SARS is coming after these taxpayers with new auto assessments

The South African Revenue Service (SARS) has launched a new automated VAT assessment system, which registered VAT taxpayers in the country need to familiarise themselves with.
Launched on 11 December 2023, the new system will automatically issue assessments for VAT taxpayers who fail to submit necessary verification documents on time.
According to Zulfah Mullins, tax compliance officer at Hobbs Sinclair, one of the most notable aspects of the new system is that corrections will not be allowed for the same period once an automated VAT assessment is issued.
Mullins noted that:
- Estimated assessments will be issued if vendors fail to submit necessary documents during verification.
- Corrections for the same period are not permitted once an estimated assessment is raised.
- Vendors disagreeing with the assessment must submit the required documents within 40 business days of receiving the VAT217 notice.

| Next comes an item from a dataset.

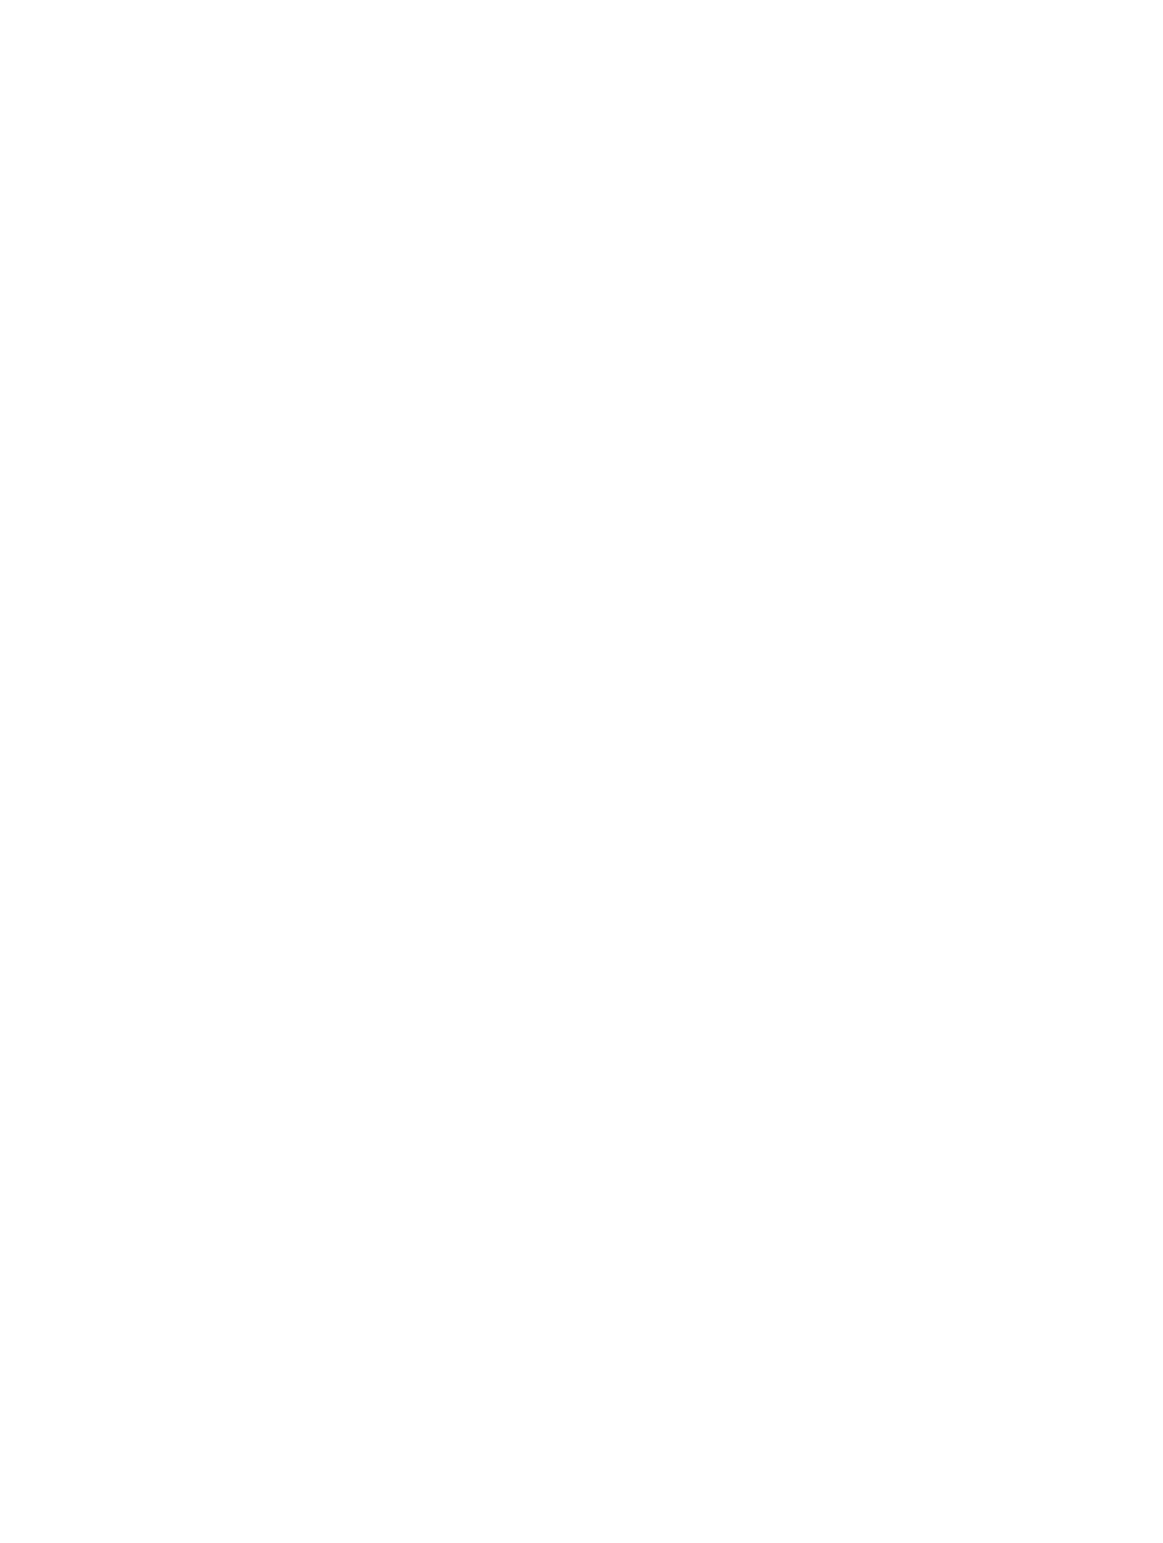 Gambling.com Group logo pour fonds sombres (PNG transparent)

- Submissions can be made via eFiling, SARS branches, or SARS Online Query System (SOQS).
- Extensions are available, with conditions.
- Vendors may request a suspension of payment under certain circumstances.
According to SARS, this system aims to enhance tax compliance and streamline the VAT process.
Mullins said that the change underlines the importance of timely compliance, as it will significantly impact how VAT vendors manage their submissions and handle assessments.
SARS has been aggressively targeting non-compliant taxpayers this year as part of its wider bid to increase tax collections.
The taxman has faced a challenging year, with SARS achieving revenue collection growth of only 2.6% due to a decline in corporate income taxes and growing VAT refunds.
SARS deputy commissioner Johnstone Makhubu said that tax collections are R22 billion below the February 2023 budget estimates for the first five months of the 2024 financial year.
With the decrease in collections, the taxman is doing everything to can to raise funds – with non-compliant taxpayers its primary target.
While the revenue service has been relatively successful in boosting personal income tax revenues, corporate and VAT tax collections have been more strained.